Metadata-Version: 2.4
Name: datfid
Version: 0.1.12
Summary: SDK to access the DATFID API hosted on Hugging Face Spaces
Author: DATFID
Author-email: igor.schapiro@datfid.com
License: MIT
Classifier: License :: OSI Approved :: MIT License
Classifier: Programming Language :: Python :: 3
Requires-Python: >=3.7
Description-Content-Type: text/markdown
License-File: LICENSE
Requires-Dist: requests>=2.31.0
Requires-Dist: pandas>=1.0.1
Requires-Dist: numpy<2.1,>=1.22
Dynamic: author
Dynamic: author-email
Dynamic: classifier
Dynamic: description
Dynamic: description-content-type
Dynamic: license
Dynamic: license-file
Dynamic: requires-dist
Dynamic: requires-python
Dynamic: summary

# DATFID SDK

A Python SDK to access the DATFID API running on Hugging Face Spaces.

## Installation

```bash
pip install datfid
```

## Usage

```python
from datfid import DATFIDClient

# Initialize the client with your Hugging Face token
client = DATFIDClient(token="your_huggingface_token")

# Fit a model
fit_result = client.fit_model(
    file_path="path/to/your/data.xlsx",
    id_col="Individual",
    time_col="Time",
    y="Loan Probability",
    lagged_features={"Repayment Amount": 1, "Missed Payments": 2},
    current_features=["Credit Score", "Unemployment Rate"],
    filter_by_significance=True,
    meanvar_test=False
)

# Generate forecasts
forecast_df = client.generate_forecast(
    file_path="path/to/your/forecast_data.xlsx",
    id_col="Individual",
    time_col="Time",
    y="Loan Probability",
    lagged_features={"Repayment Amount": 1, "Missed Payments": 2},
    current_features=["Credit Score", "Unemployment Rate"],
    filter_by_significance=True,
    meanvar_test=False
)

# The forecast DataFrame includes the original data plus forecast columns:
# - forecast: The predicted values
# - forecast_lower: Lower bound of the prediction interval
# - forecast_upper: Upper bound of the prediction interval
# - forecast_error: Standard error of the forecast
```

## API Reference

### DATFIDClient

#### `__init__(token: str)`
Initialize the client with your Hugging Face token.

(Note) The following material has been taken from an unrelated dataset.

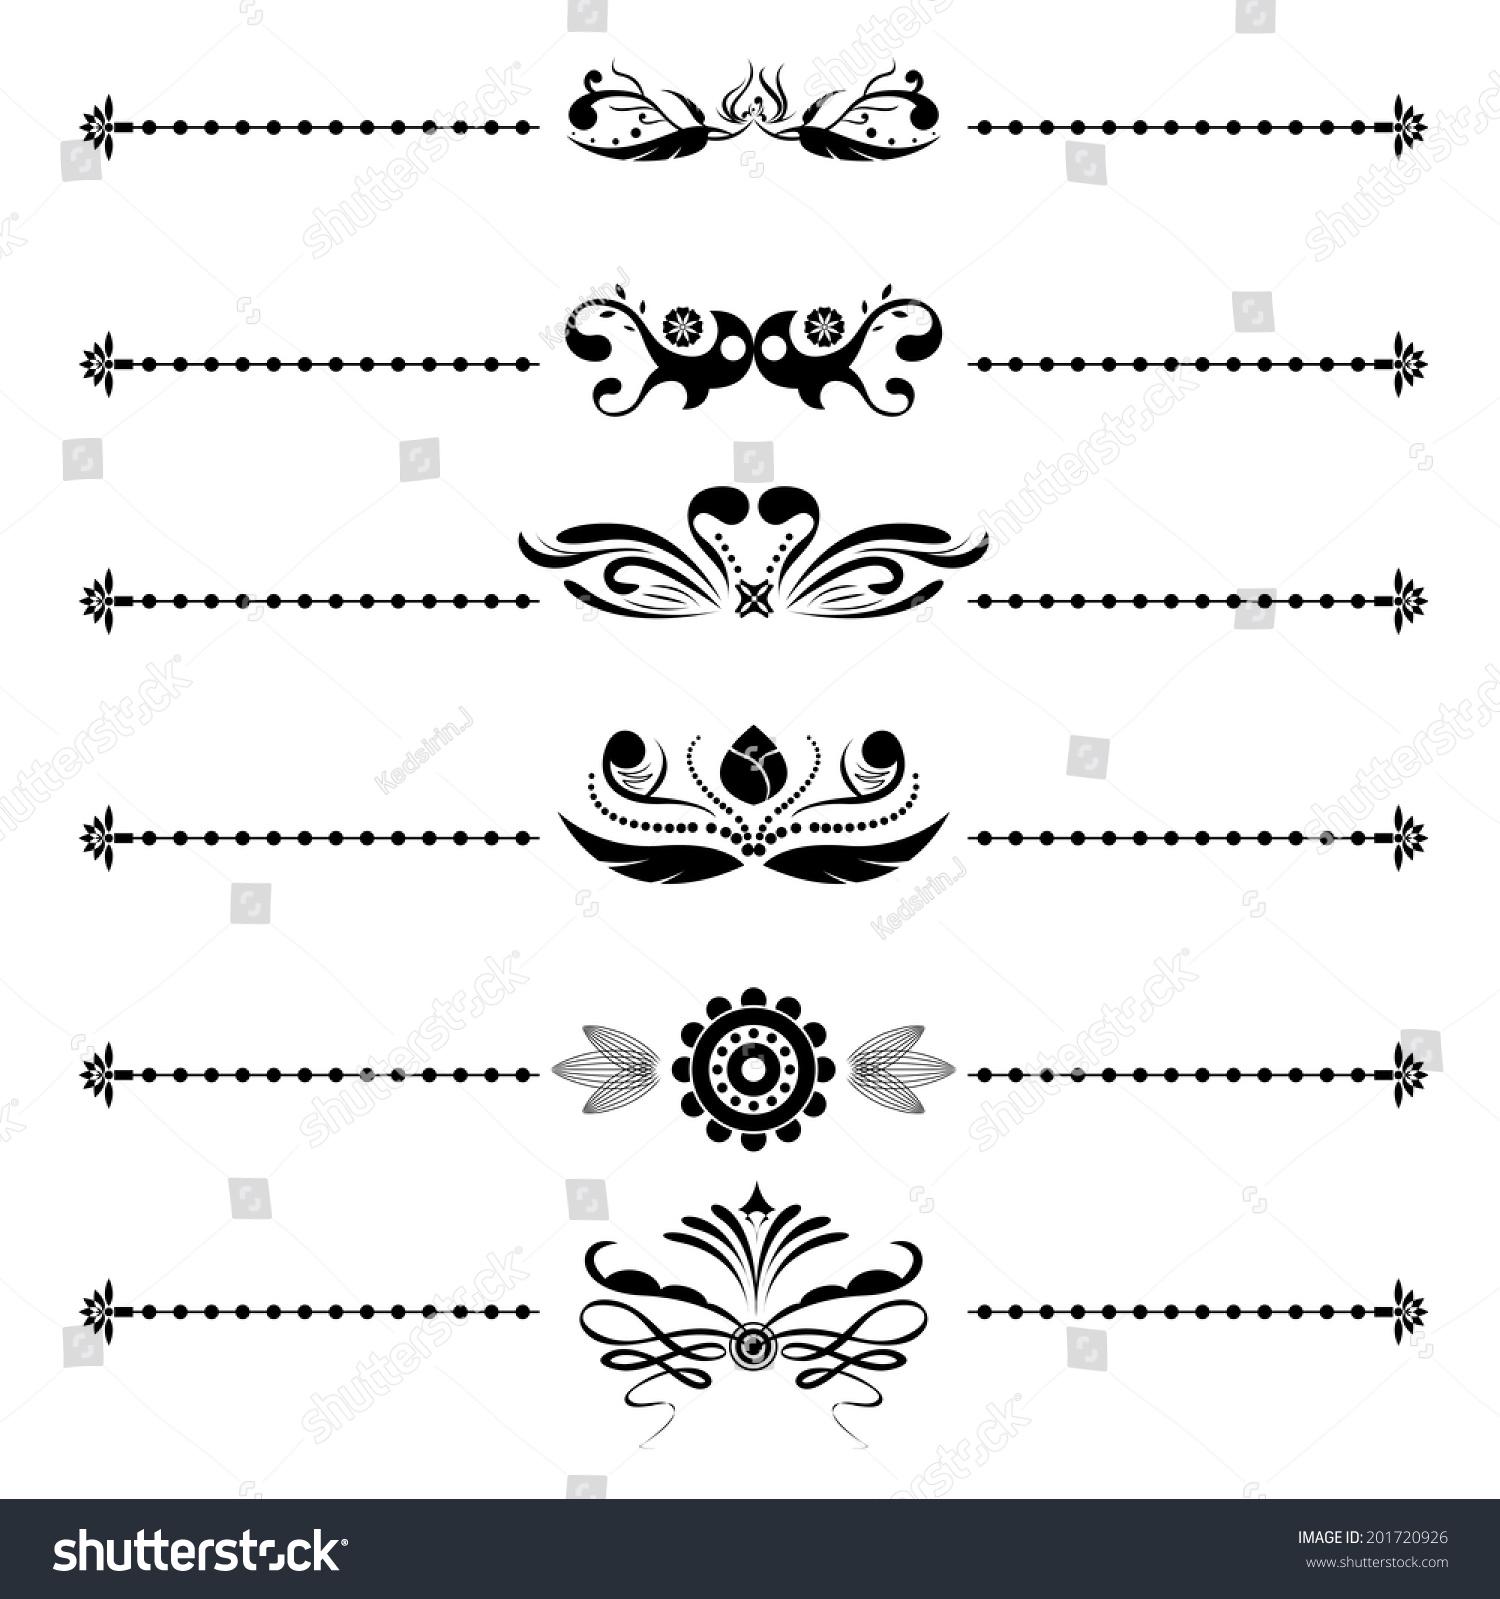 Calligraphic Vintage Floral Vector Designs Wedding Stock Vector ...

#### `fit_model(file_path: str, id_col: str, time_col: str, y: str, lagged_features: Optional[Dict[str, int]] = None, current_features: Optional[list] = None, filter_by_significance: bool = False, meanvar_test: bool = False) -> Dict[str, Any]`
Fit a model using the provided data.

#### `generate_forecast(file_path: str, id_col: str, time_col: str, y: str, lagged_features: Optional[Dict[str, int]] = None, current_features: Optional[list] = None, filter_by_significance: bool = False, meanvar_test: bool = False) -> pd.DataFrame`
Generate forecasts using the fitted model.